Problem requirements
Emit a verbatim copy of the lines below from the line with "فيديو: جملة مشاريع" through the line with "Две телеграммы раскрывают", excluding pictures and everything outside that range.

Given entries
↓
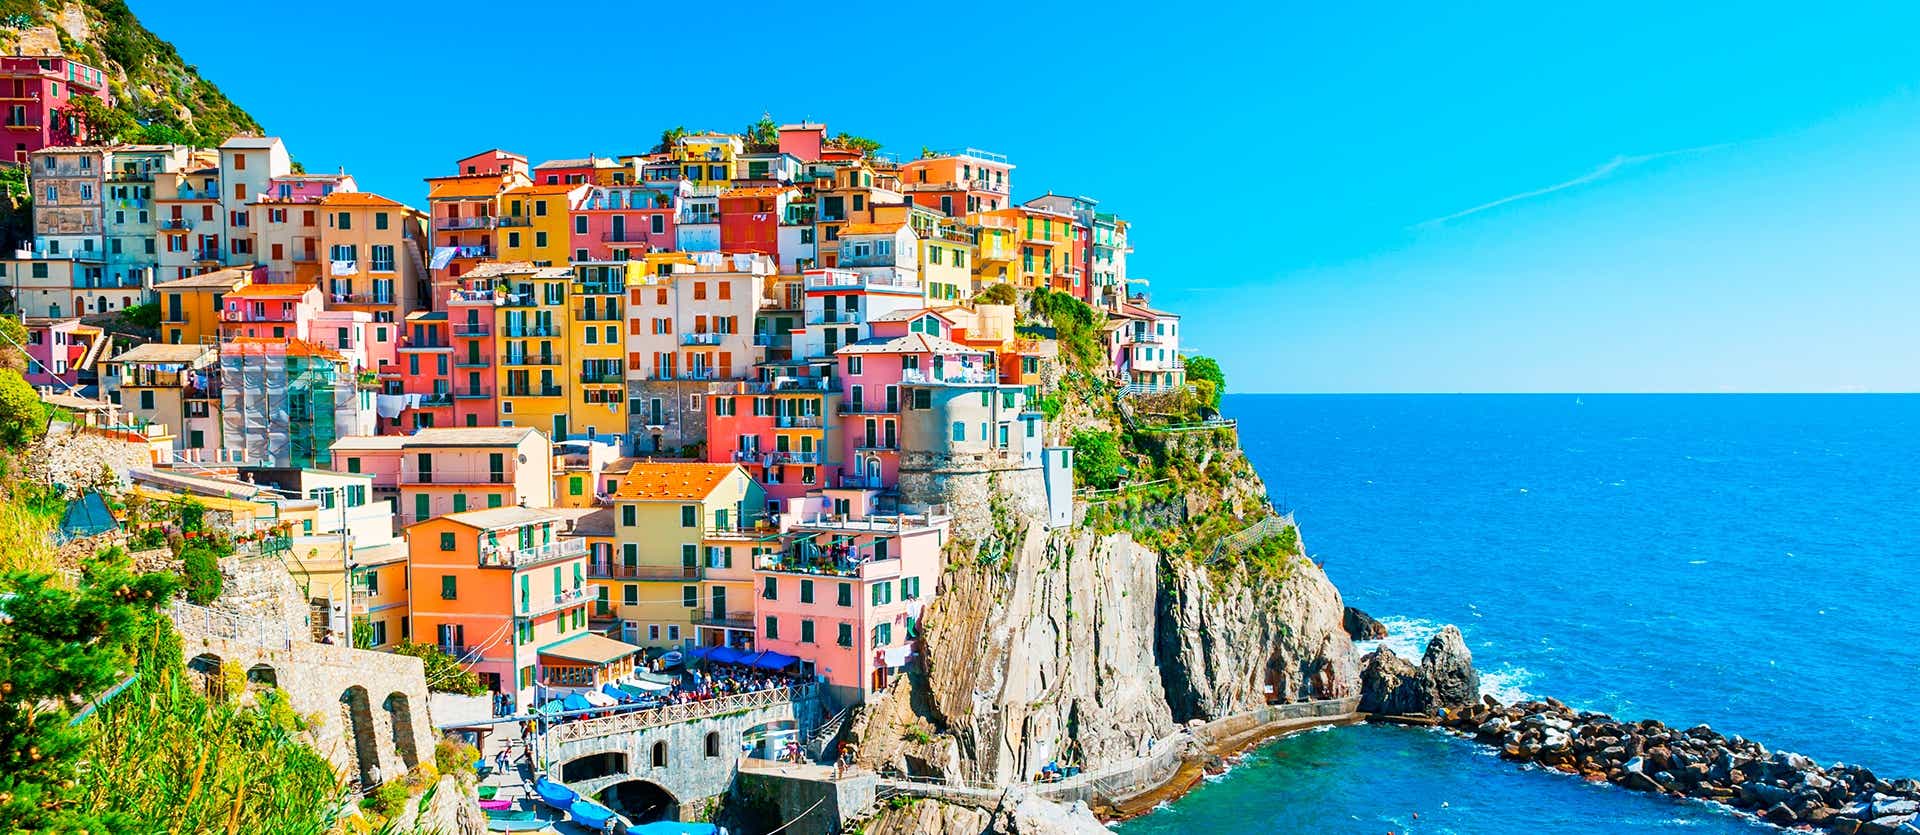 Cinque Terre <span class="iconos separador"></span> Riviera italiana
↑
↓
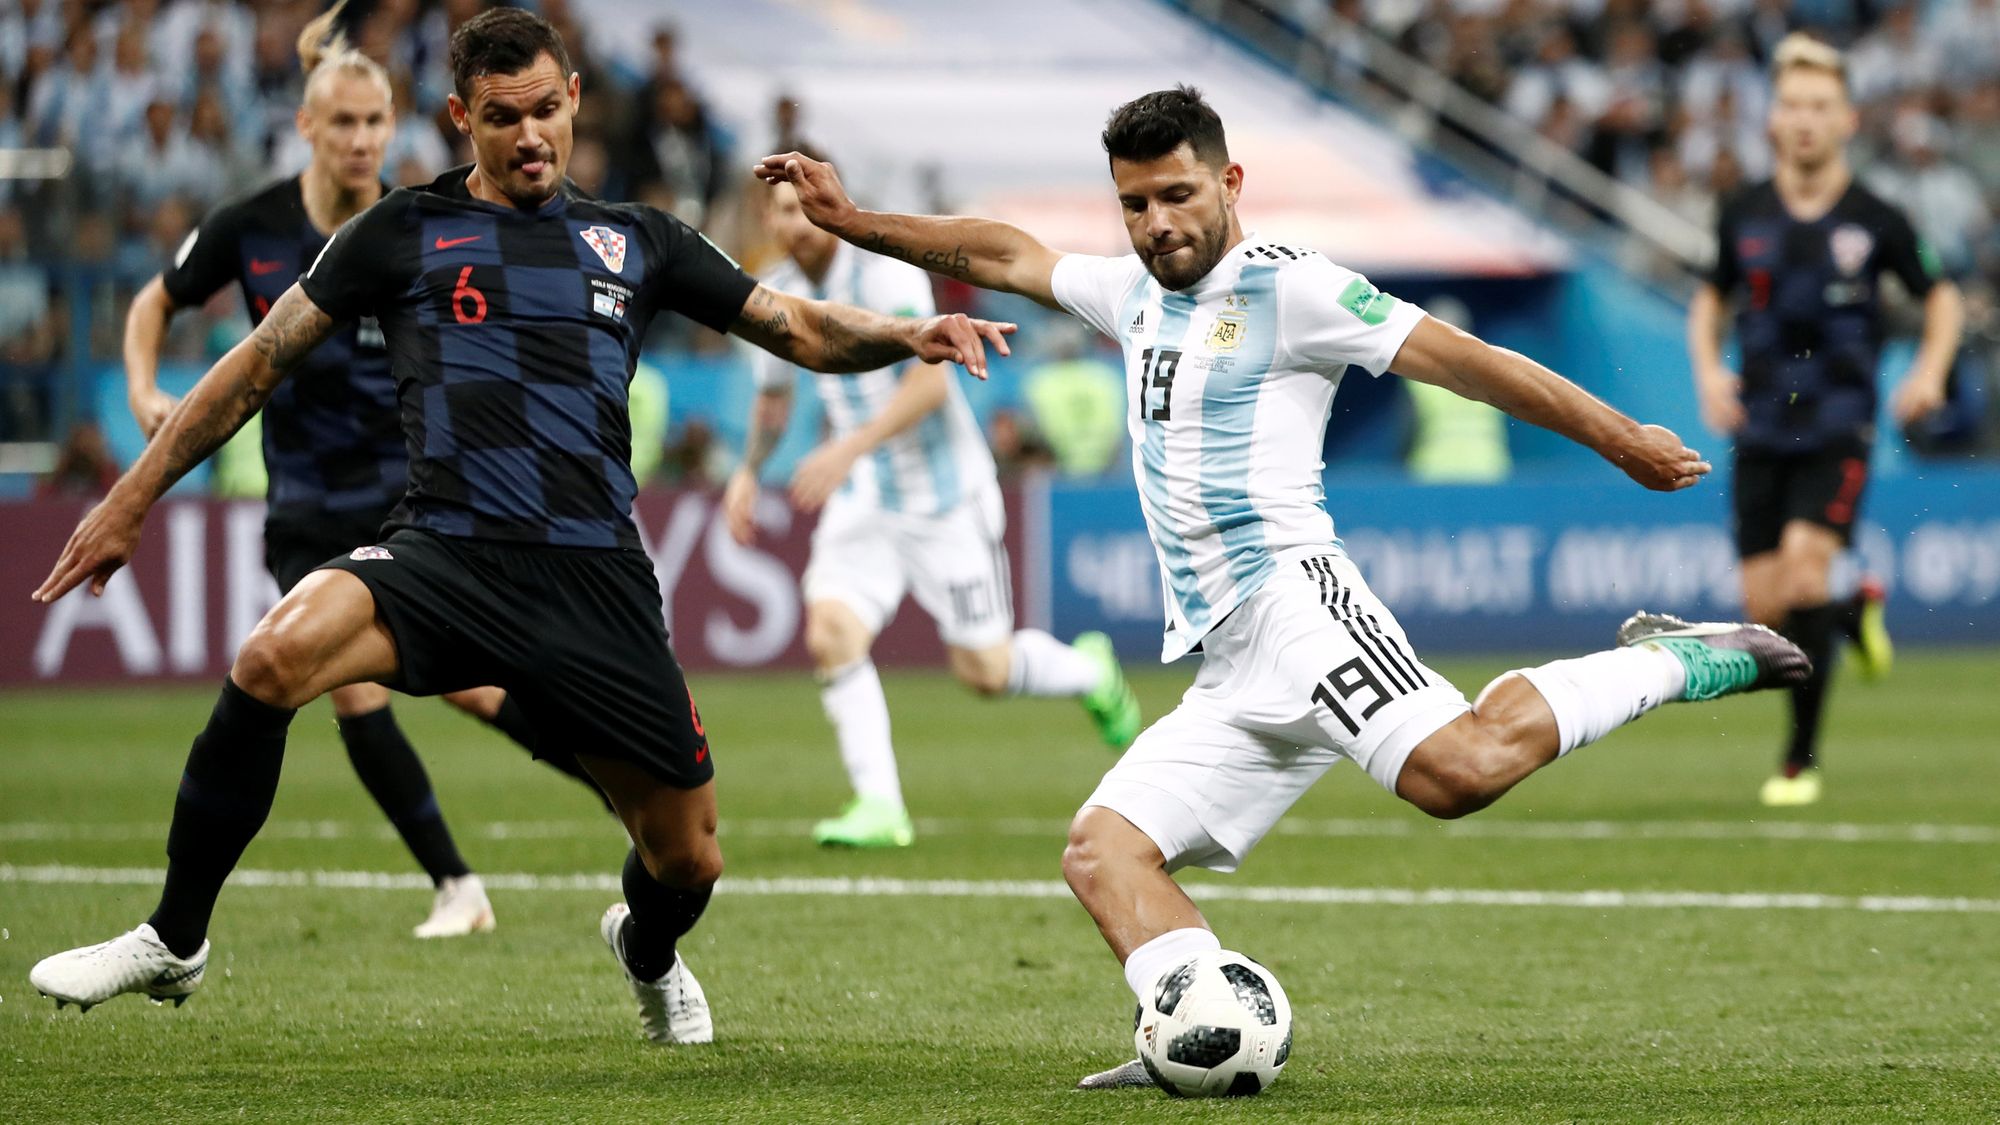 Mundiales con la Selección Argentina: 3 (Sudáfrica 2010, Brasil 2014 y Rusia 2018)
↑
↓
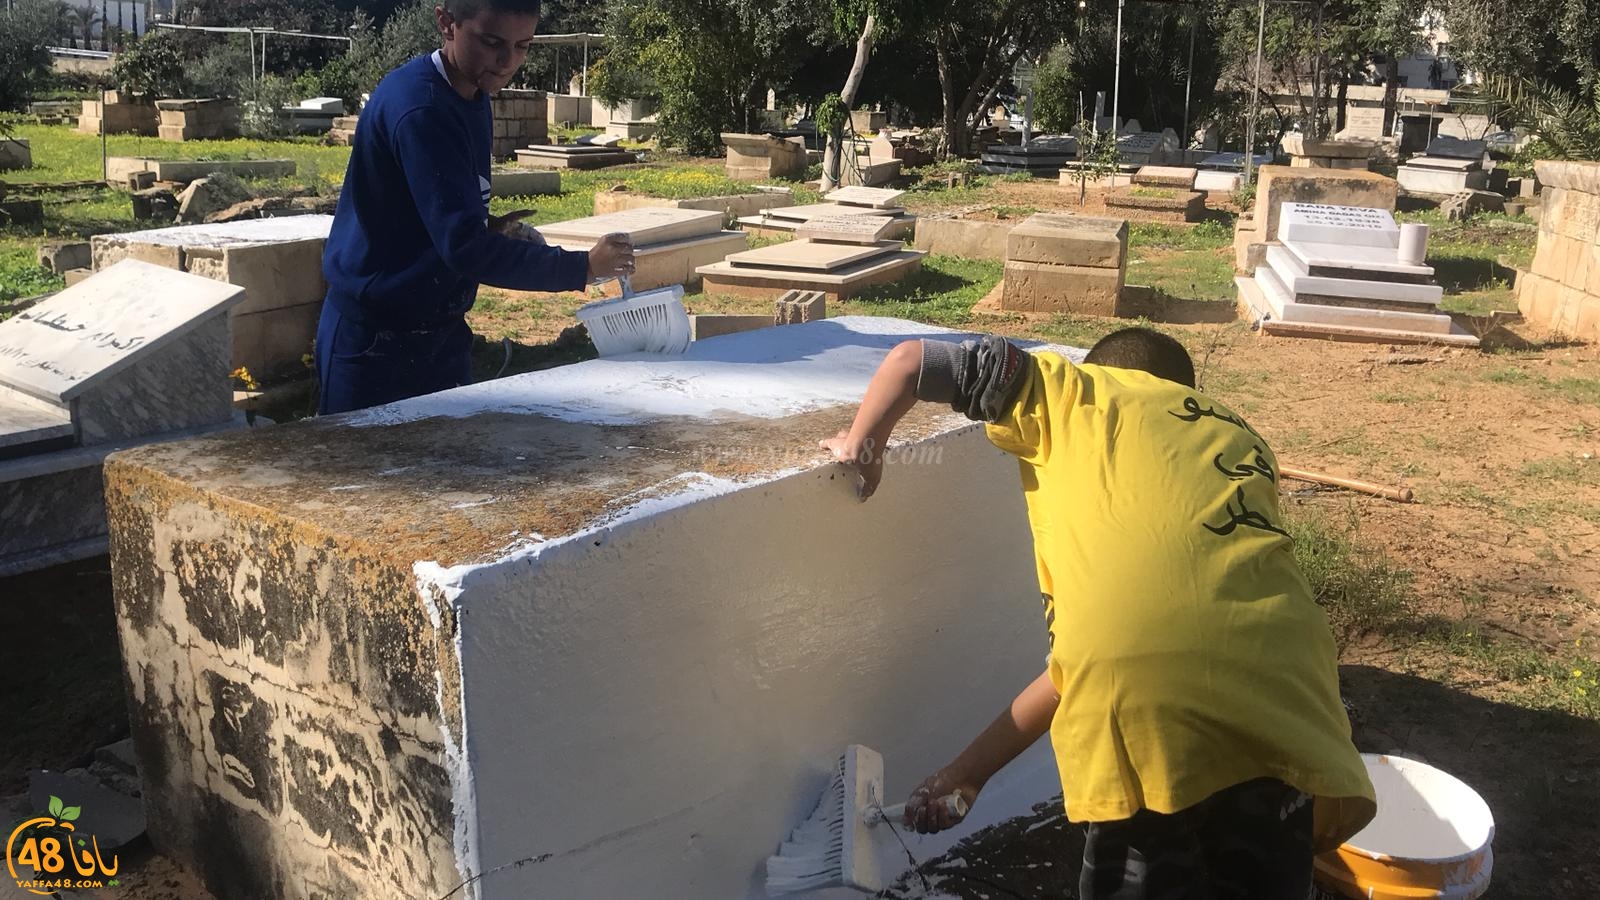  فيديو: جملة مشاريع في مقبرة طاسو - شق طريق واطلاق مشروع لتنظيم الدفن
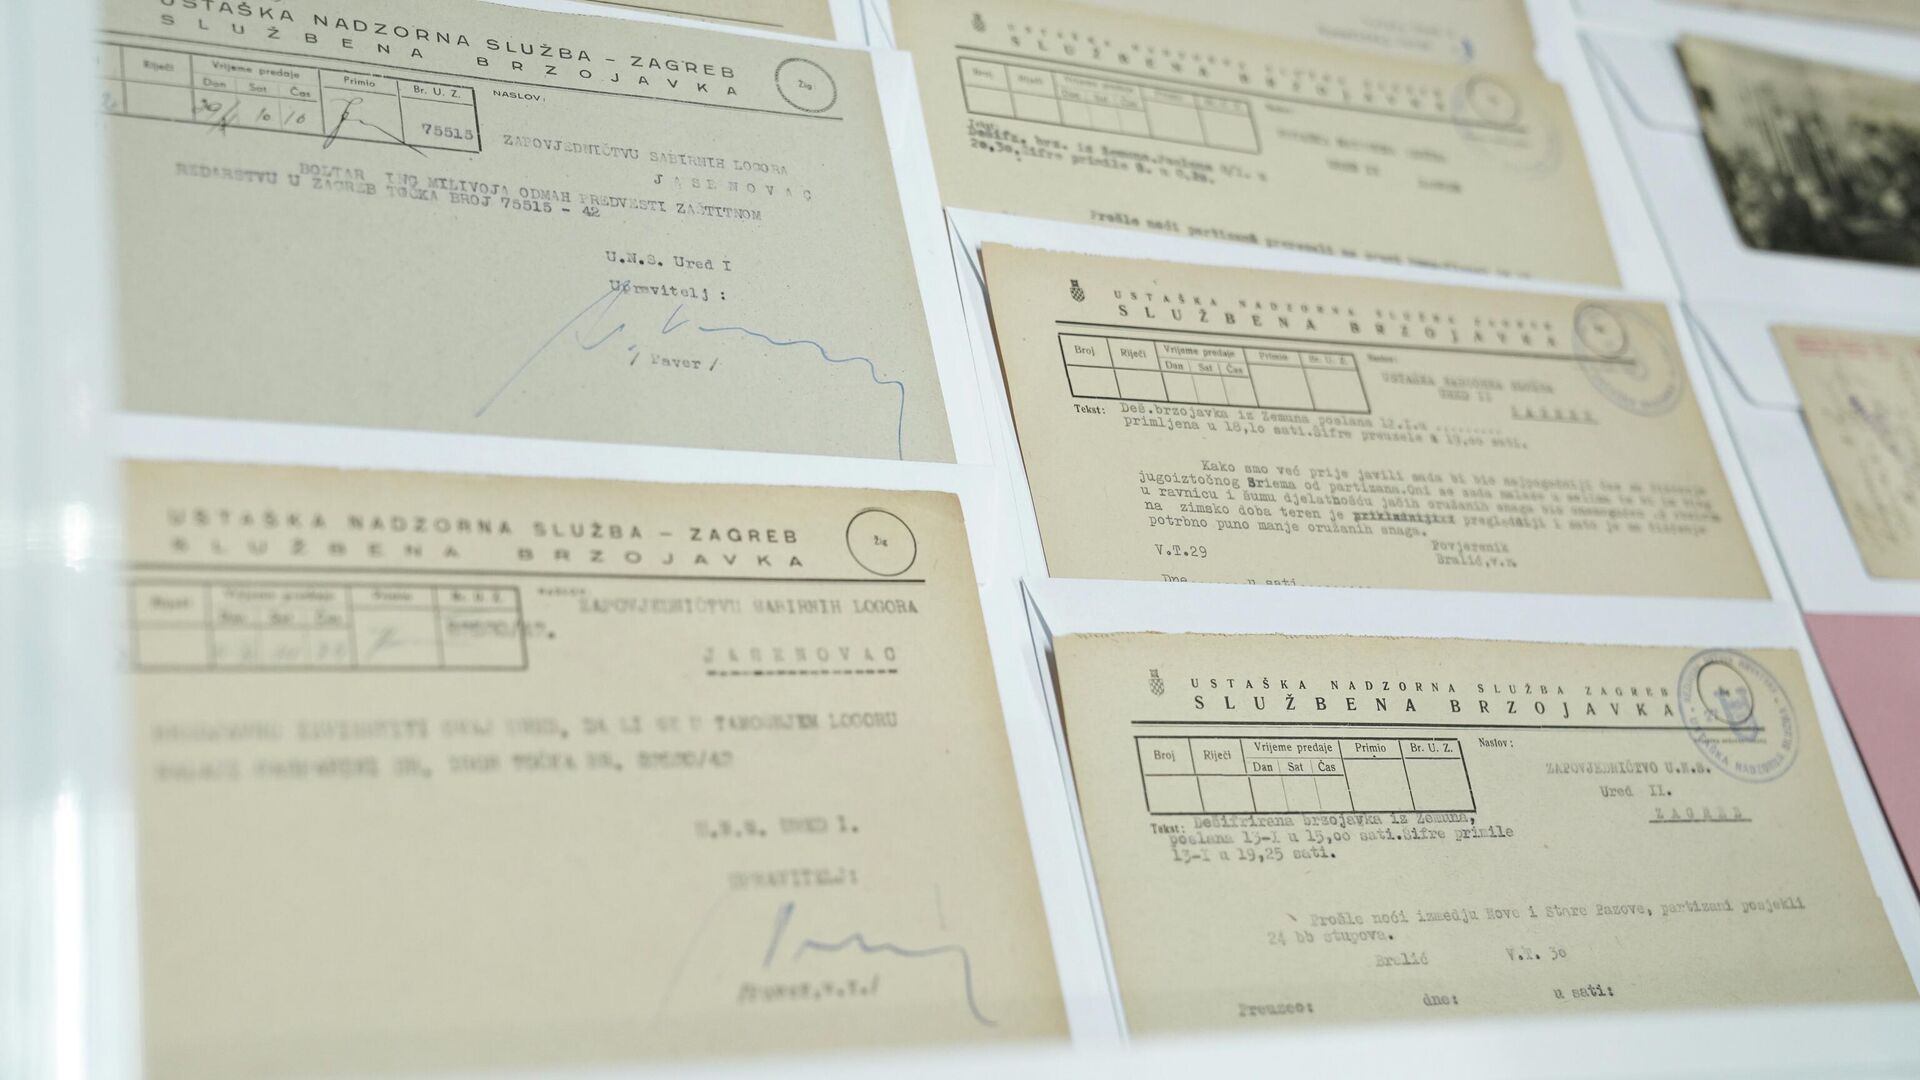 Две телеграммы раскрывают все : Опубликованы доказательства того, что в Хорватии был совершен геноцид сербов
↑
Solution for this problem
  فيديو: جملة مشاريع في مقبرة طاسو - شق طريق واطلاق مشروع لتنظيم الدفن
 Две телеграммы раскрывают все : Опубликованы доказательства того, что в Хорватии был совершен геноцид сербов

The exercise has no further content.